DigitalOcean Content

Ocean Science Content
DigitalOcean will be a new focal point for ocean science results, news, and information. The ECOS Network will aggregate ocean science feeds from all of the major science journals and open access publishers and allow members to customize these feeds for their daily use. The ECOS Network will also enable members to locate and store a variety of research and career-related information, from citation libraries, to CVs, to research results not suitable for publication (e.g., those experiments where the results did not yield statistically significant findings) but of real interest to others who might waste their time attempting a similar experiment. Comments and critiques of published works, quality reviews of media content, and forums where scientists explore relevant issues will also be aggregated.
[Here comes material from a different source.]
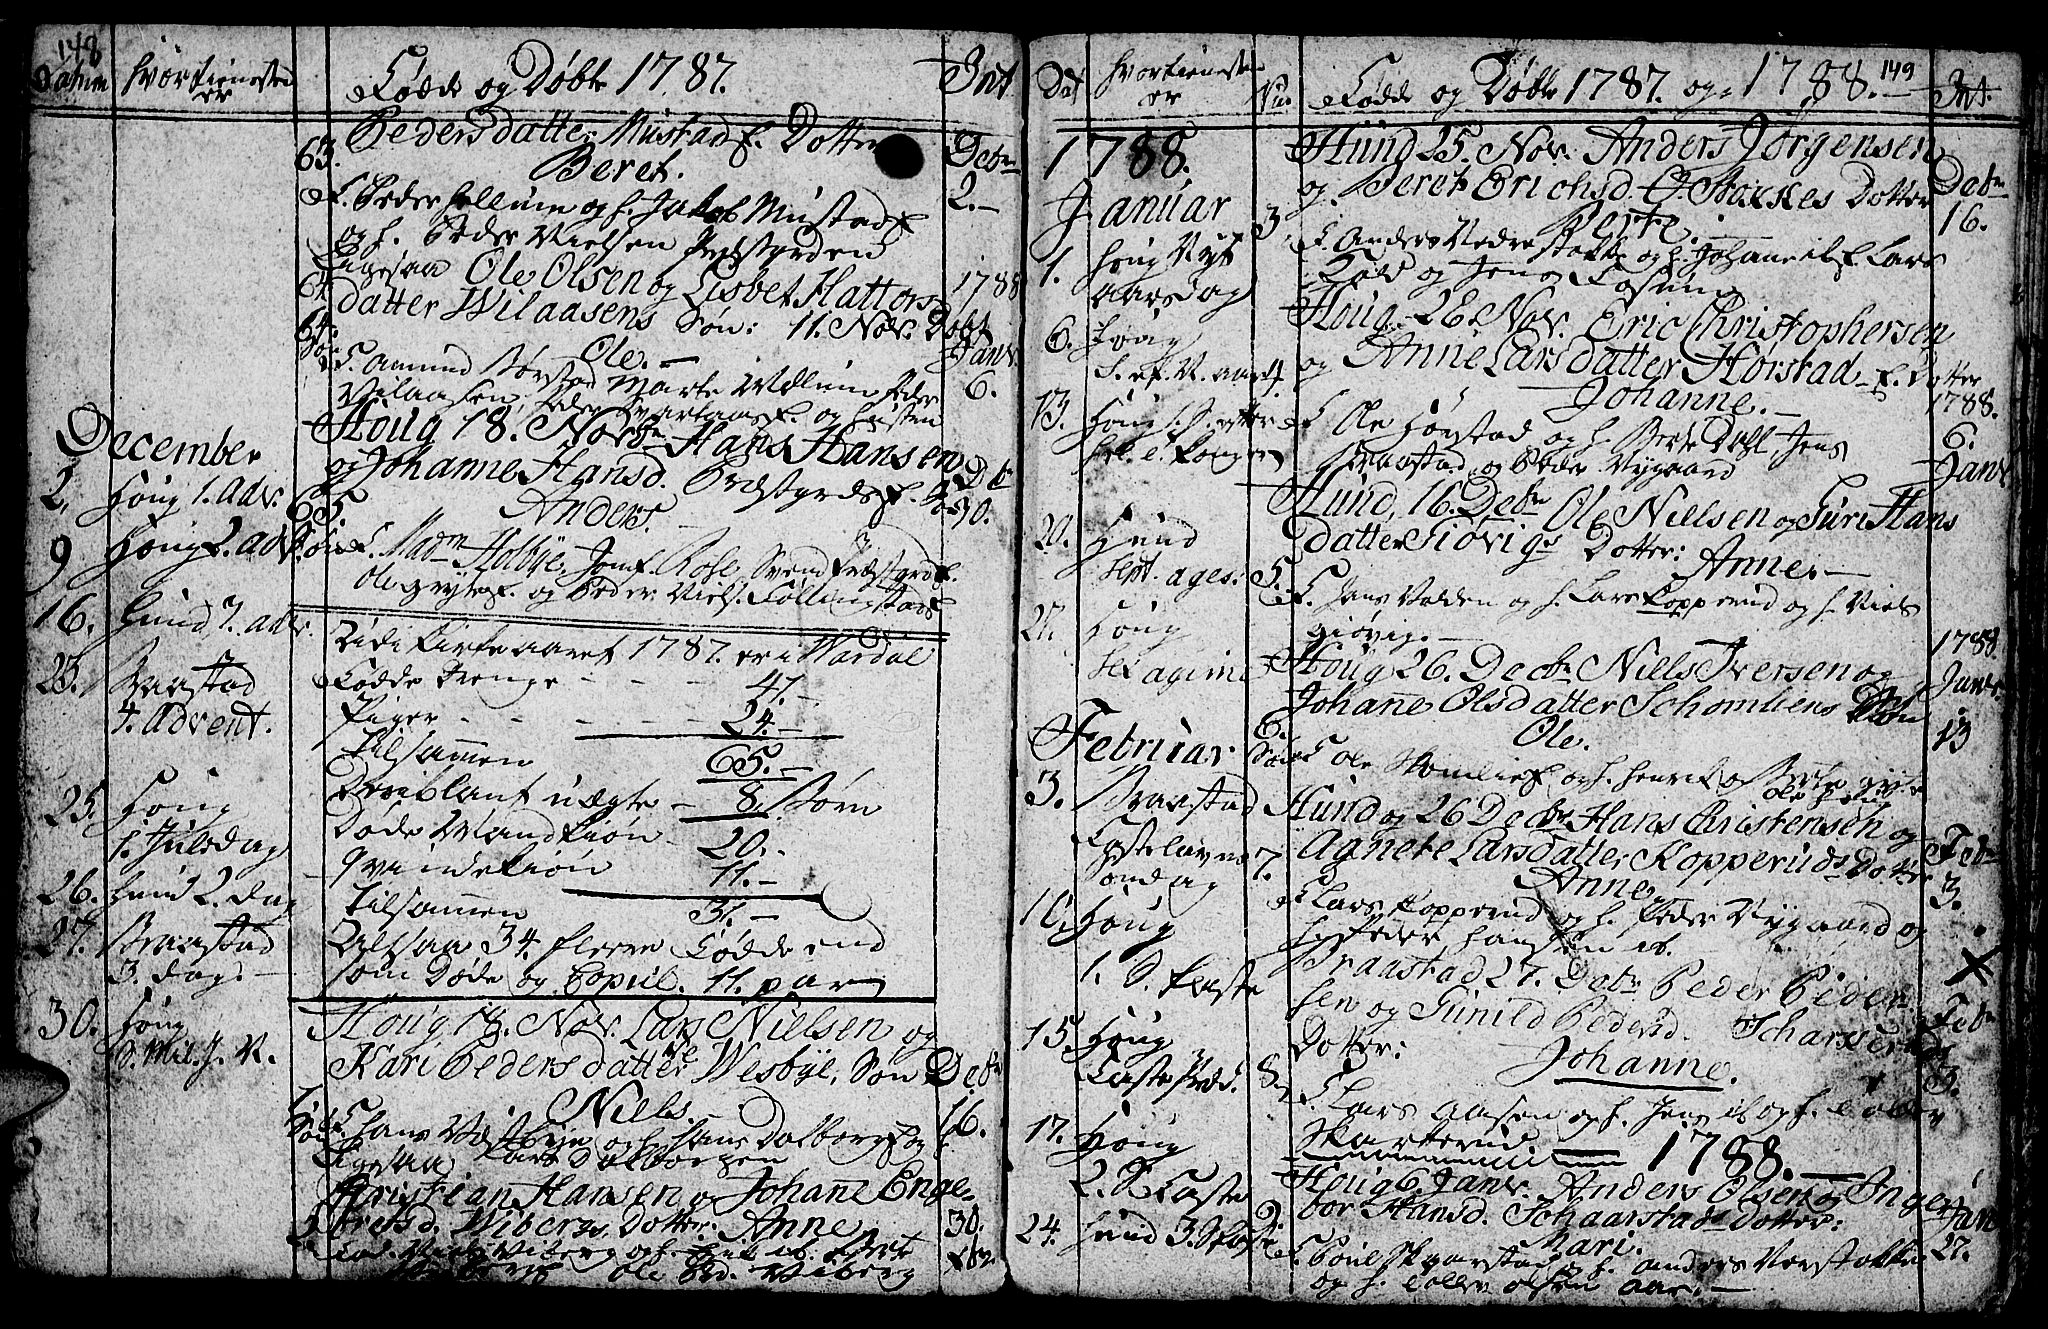 SAH, Vardal prestekontor, H/Ha/Hab/L0001: Klokkerbok nr. 1, 1771-1790, s. 148-149
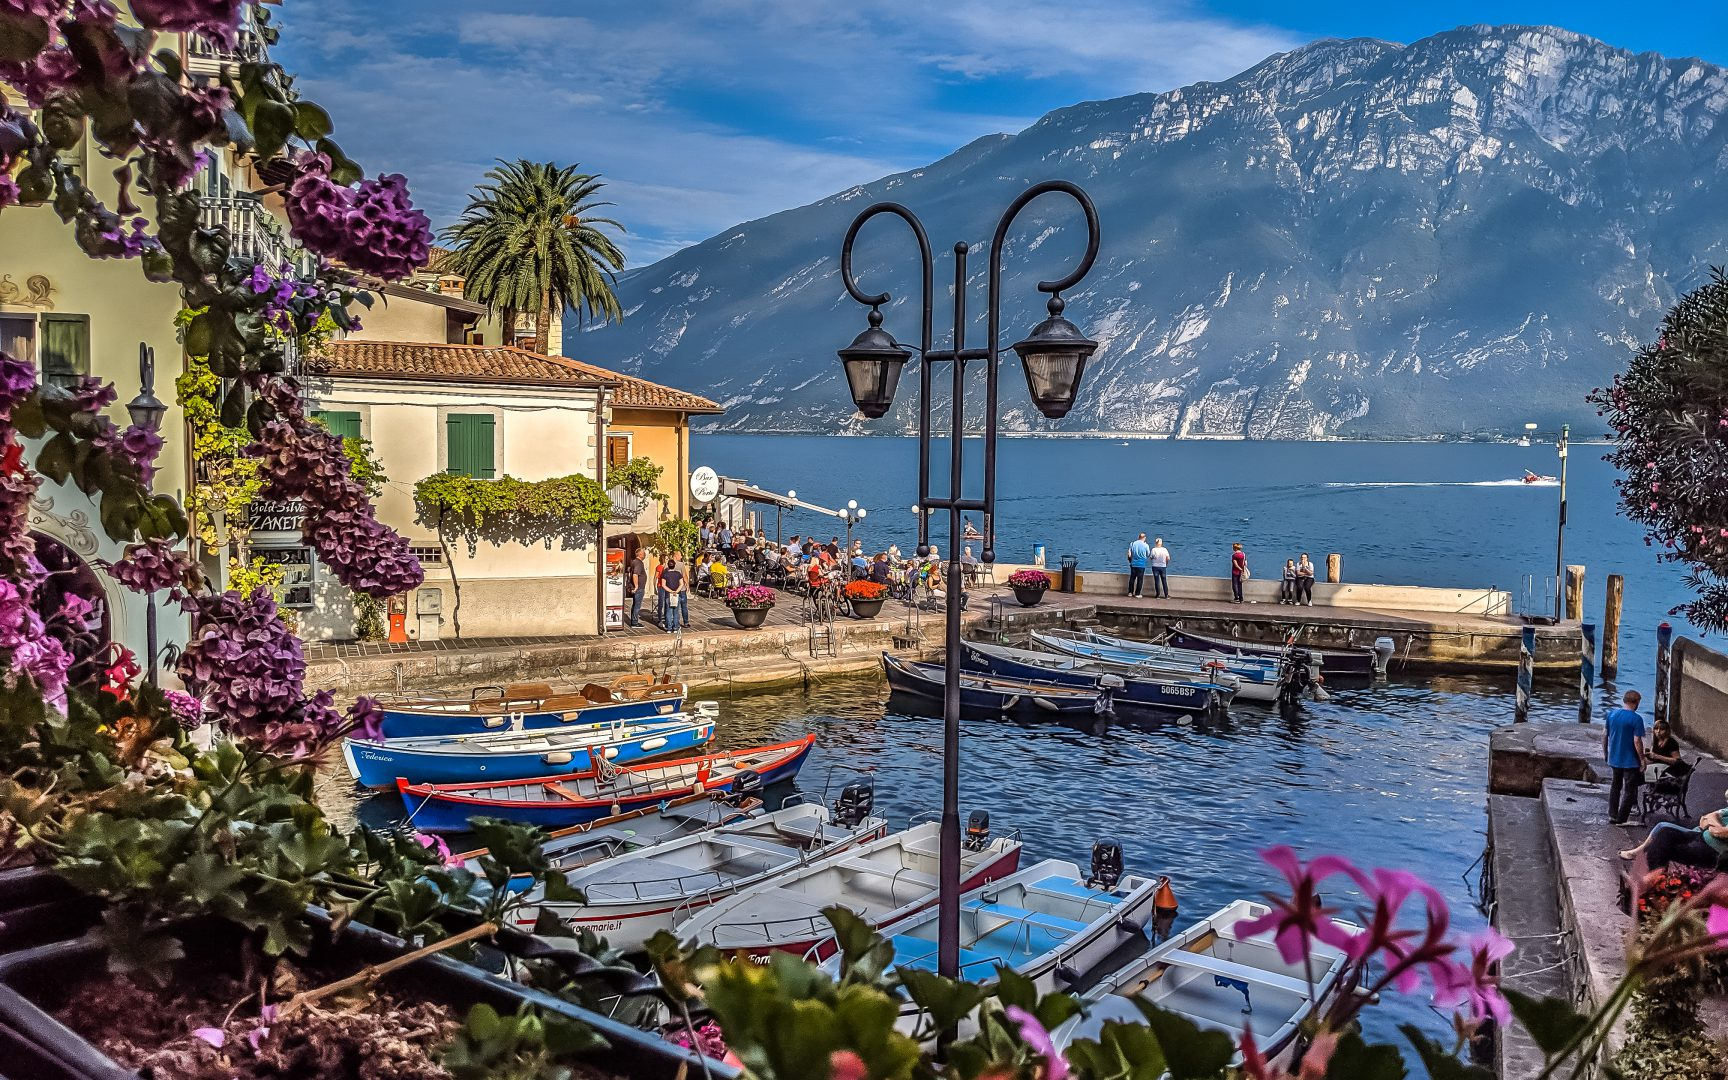 Jezioro Garda Limone sul Garda

Instant publication: community peer review
The ECOS Network will build a preprint service similar to the Nature Precedings service. That service describes itself in the following way: “Nature Precedings is a free online service from NPG that enables researchers in the life sciences to openly share preliminary findings, solicit community feedback, and claim priority over discoveries by posting preprint manuscripts, white papers, technical reports, posters, and presentations.” Note: The Allen Brain Atlas Reports are a highlighted collection in Precedings. ECOS Network service will extend this type of service to the many disciplines of ocean science. Because the ECOS Network is also a strong community, it will be tasked to openly review science findings contributed as preprints. The goal here is to test if open community review might offer advantages to the current system of closed peer review.

Ocean Video and Photography
The DO Flickr™ Group and Video Service will enable ECOS Network and current Flickr™ users to contribute their underwater assets into this value-added system for reuse by scientists, educators, resource managers, and the public. Already, Flickr™ contains hundreds of thousands of underwater photographs. In addition, scientists who have never posted their photographs and/or videos to any shared network will have new reasons to contribute these to DigitalOcean. The Project expects that its aggregated collection of freely reusable ocean media will become one of the largests, and certainly the most useful collection on the planet over time.

Attention and reputation
One of the hallmarks of a Web 2.0 service and community is how it can nurture reputations and capture the attention of its users. DigitalOcean will build reputation through a variety of feedbacks for user contributions, and it will build user attention to acquire value-added quality measures, tags, and comments. This attention/reputation practices promote sustainability and help grow the content.

This vital combination of content and community is DigitalOcean.